● **DATA**:
▬▬▬▬▬▬▬▬▬▬

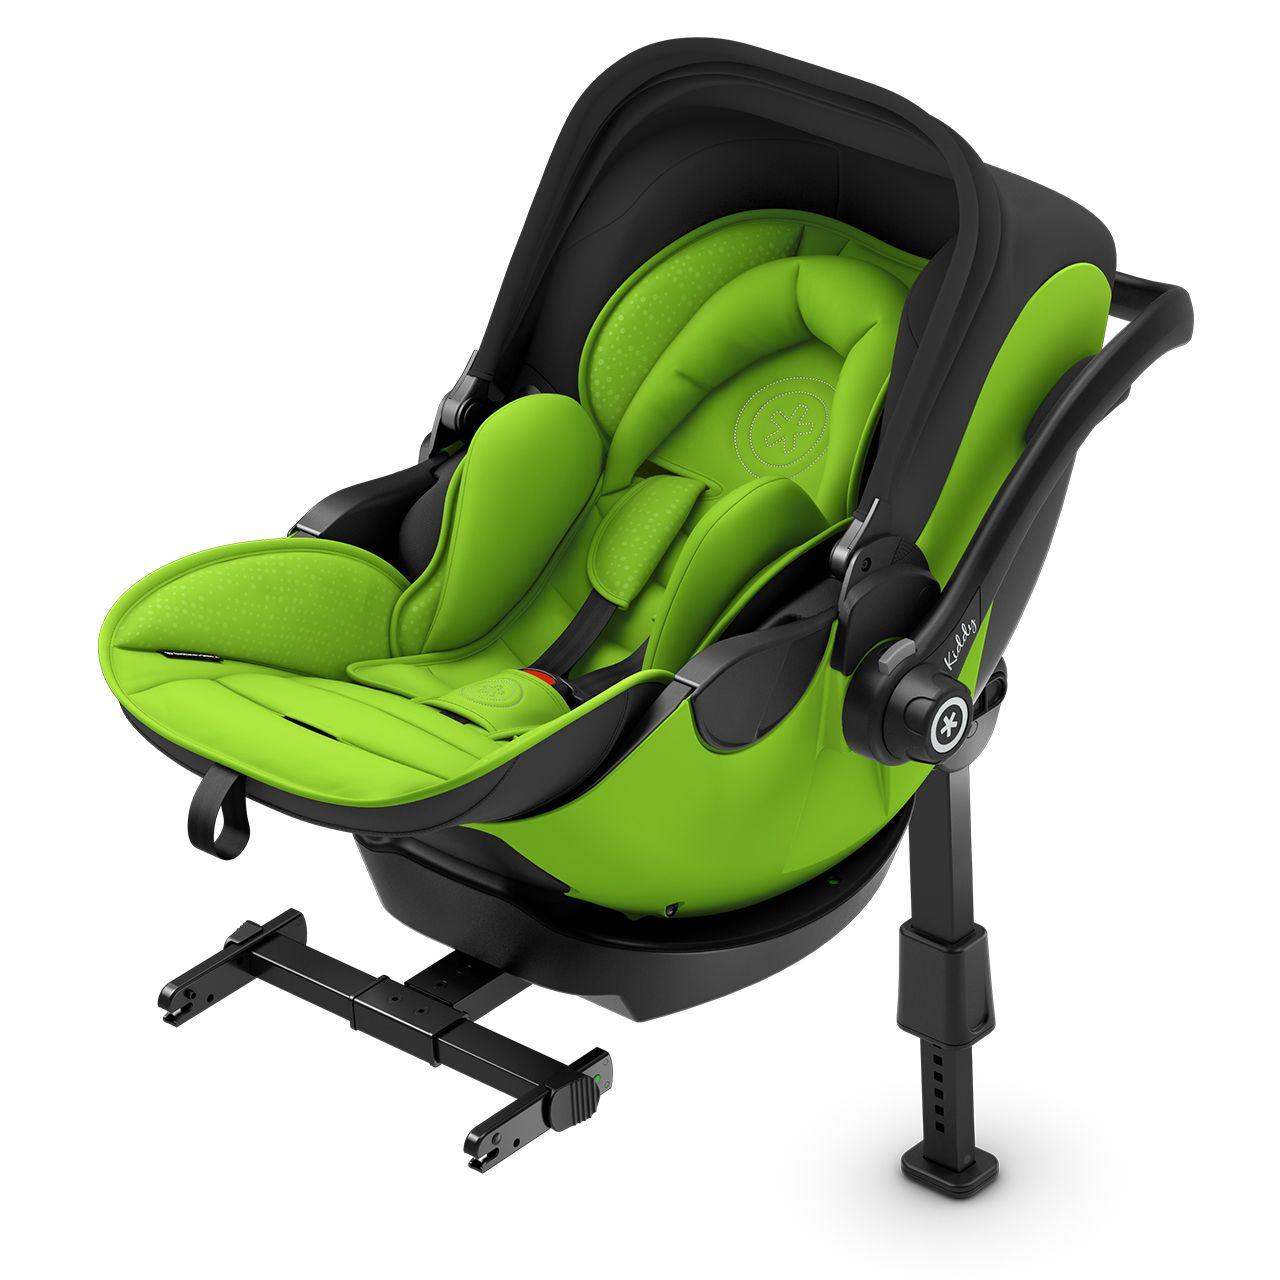 Cinco sillas coche mejor valoradas test seguridad 2018 for Sillas seguridad coche
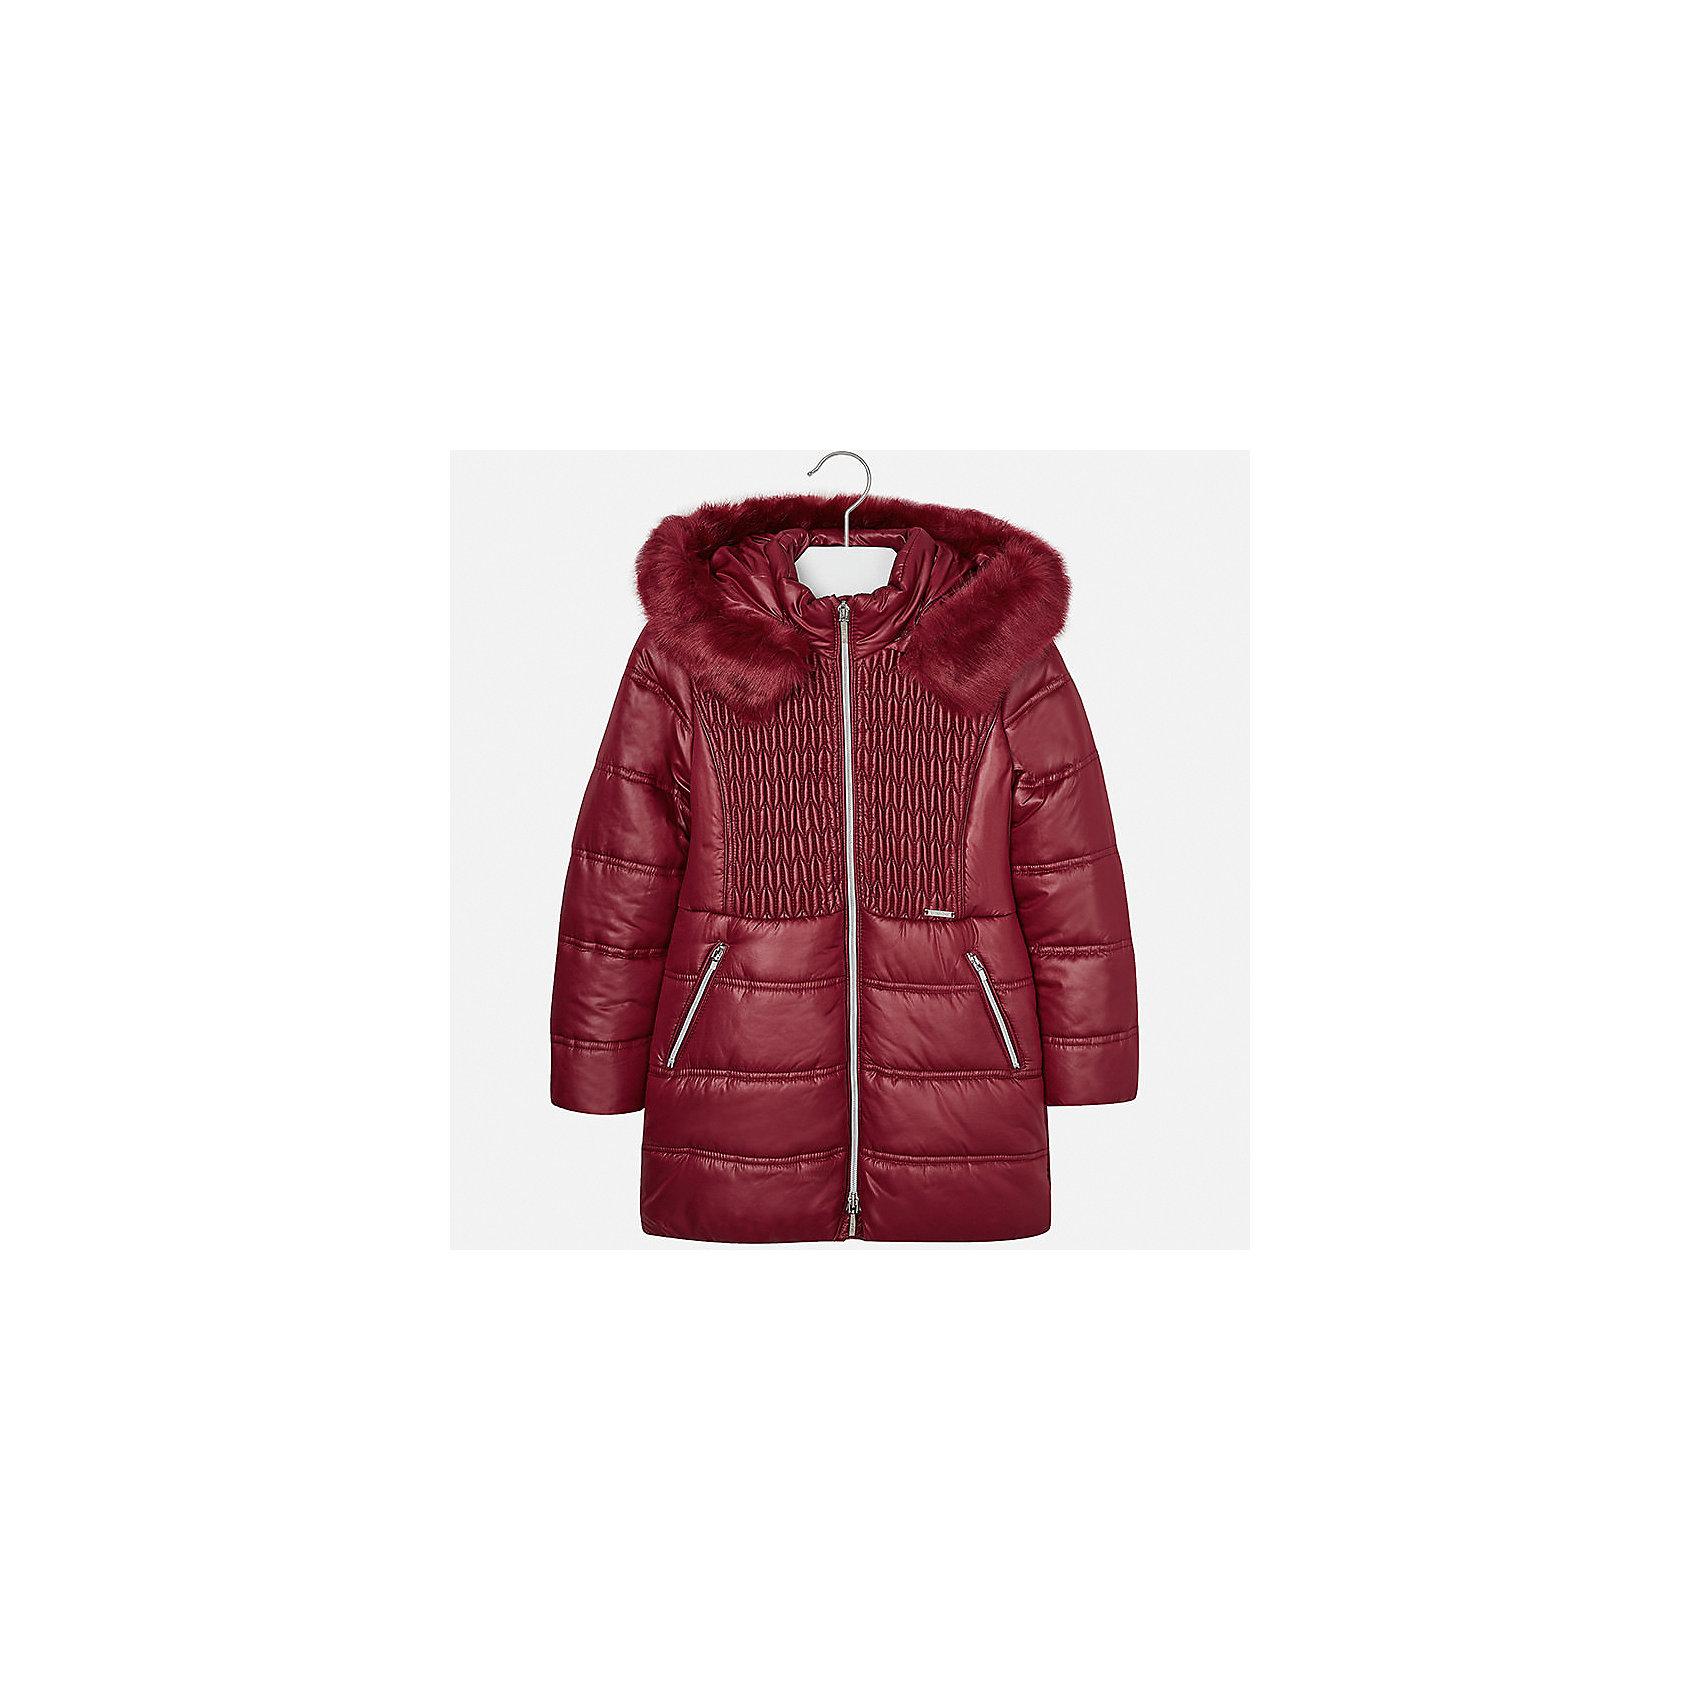 Куртка для девочки MayoralВерхняя одежда<br>Характеристики товара:<br><br>• цвет: красный<br>• состав ткани: 100% полиэстер, подклад - 100% полиэстер, утеплитель - 100% полиэстер<br>• застежка: молния<br>• длинные рукава<br>• сезон: зима<br>• температурный режим: от 0 до -10<br>• страна бренда: Испания<br>• страна изготовитель: Индия<br><br>Такая утепленная куртка поможет сделать образ стильным и оригинальным. Куртка с отделкой из искусственного меха соответствует новейшим тенденциям молодежной моды. <br><br>В одежде от испанской компании Майорал ребенок будет выглядеть модно, а чувствовать себя - комфортно. Целая команда европейских талантливых дизайнеров работает над созданием стильных и оригинальных моделей одежды.<br><br>Куртку для девочки Mayoral (Майорал) можно купить в нашем интернет-магазине.<br><br>Ширина мм: 356<br>Глубина мм: 10<br>Высота мм: 245<br>Вес г: 519<br>Цвет: красный<br>Возраст от месяцев: 168<br>Возраст до месяцев: 180<br>Пол: Женский<br>Возраст: Детский<br>Размер: 170,128/134,140,152,158,164<br>SKU: 6922115
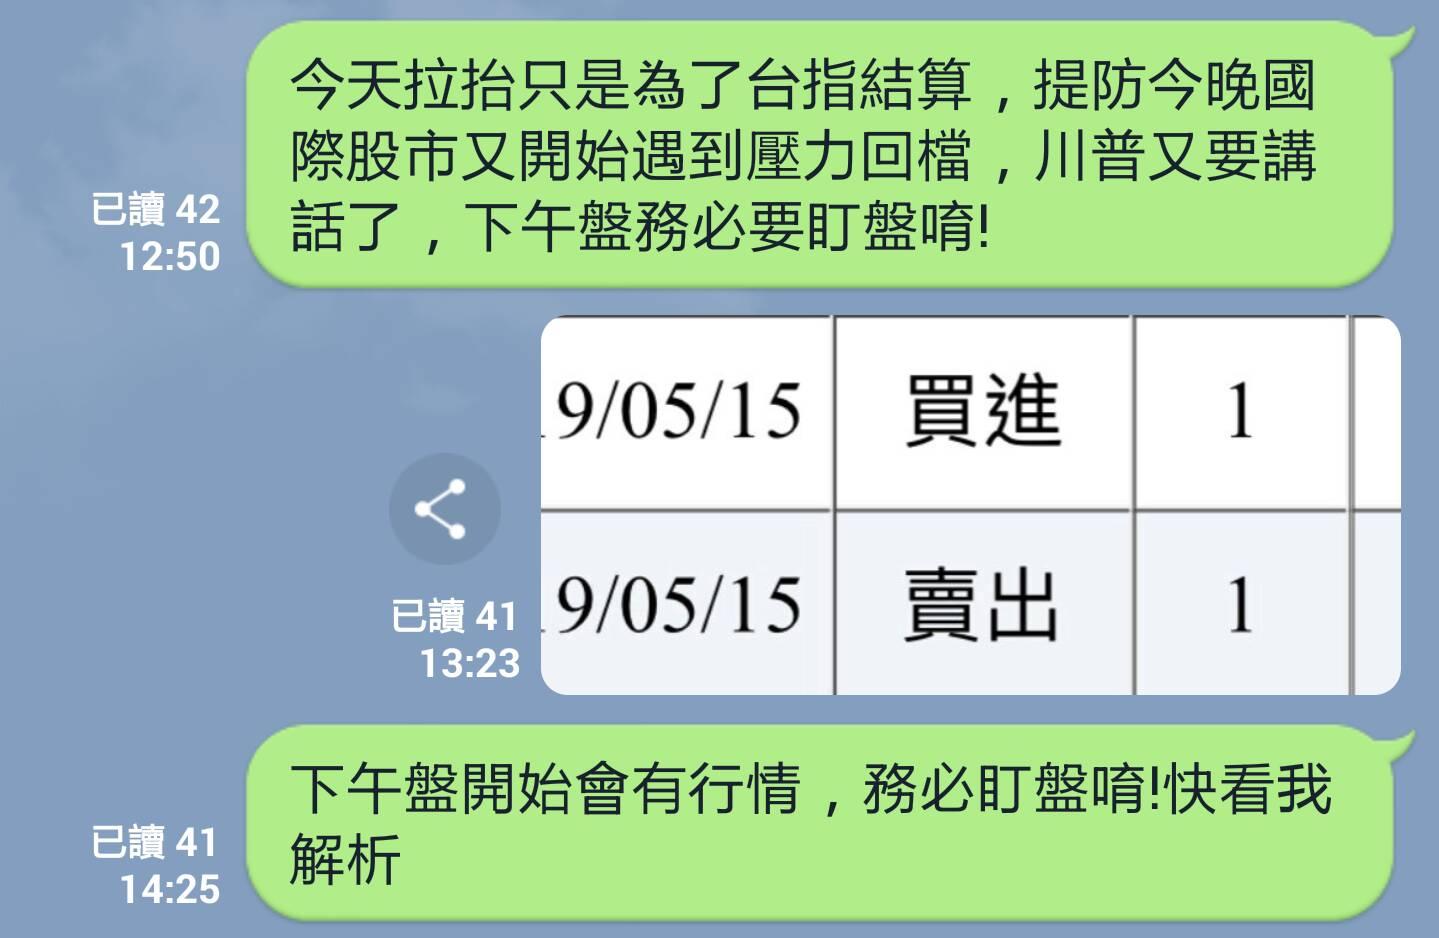 用箱波均生死簿判6月大行情_10

▬▬▬▬▬▬▬▬▬▬

● **ABOUT THIS TASK**: Output, exactly and without pictures, the span of lines that starts at the line containing "Куртка для девочки" and ends at the last line above.

● **PROBLEM SOLUTION**:
 Куртка для девочки MayoralВерхняя одежда<br>Характеристики товара:<br><br>• цвет: красный<br>• состав ткани: 100% полиэстер, подклад - 100% полиэстер, утеплитель - 100% полиэстер<br>• застежка: молния<br>• длинные рукава<br>• сезон: зима<br>• температурный режим: от 0 до -10<br>• страна бренда: Испания<br>• страна изготовитель: Индия<br><br>Такая утепленная куртка поможет сделать образ стильным и оригинальным. Куртка с отделкой из искусственного меха соответствует новейшим тенденциям молодежной моды. <br><br>В одежде от испанской компании Майорал ребенок будет выглядеть модно, а чувствовать себя - комфортно. Целая команда европейских талантливых дизайнеров работает над созданием стильных и оригинальных моделей одежды.<br><br>Куртку для девочки Mayoral (Майорал) можно купить в нашем интернет-магазине.<br><br>Ширина мм: 356<br>Глубина мм: 10<br>Высота мм: 245<br>Вес г: 519<br>Цвет: красный<br>Возраст от месяцев: 168<br>Возраст до месяцев: 180<br>Пол: Женский<br>Возраст: Детский<br>Размер: 170,128/134,140,152,158,164<br>SKU: 6922115
 用箱波均生死簿判6月大行情_10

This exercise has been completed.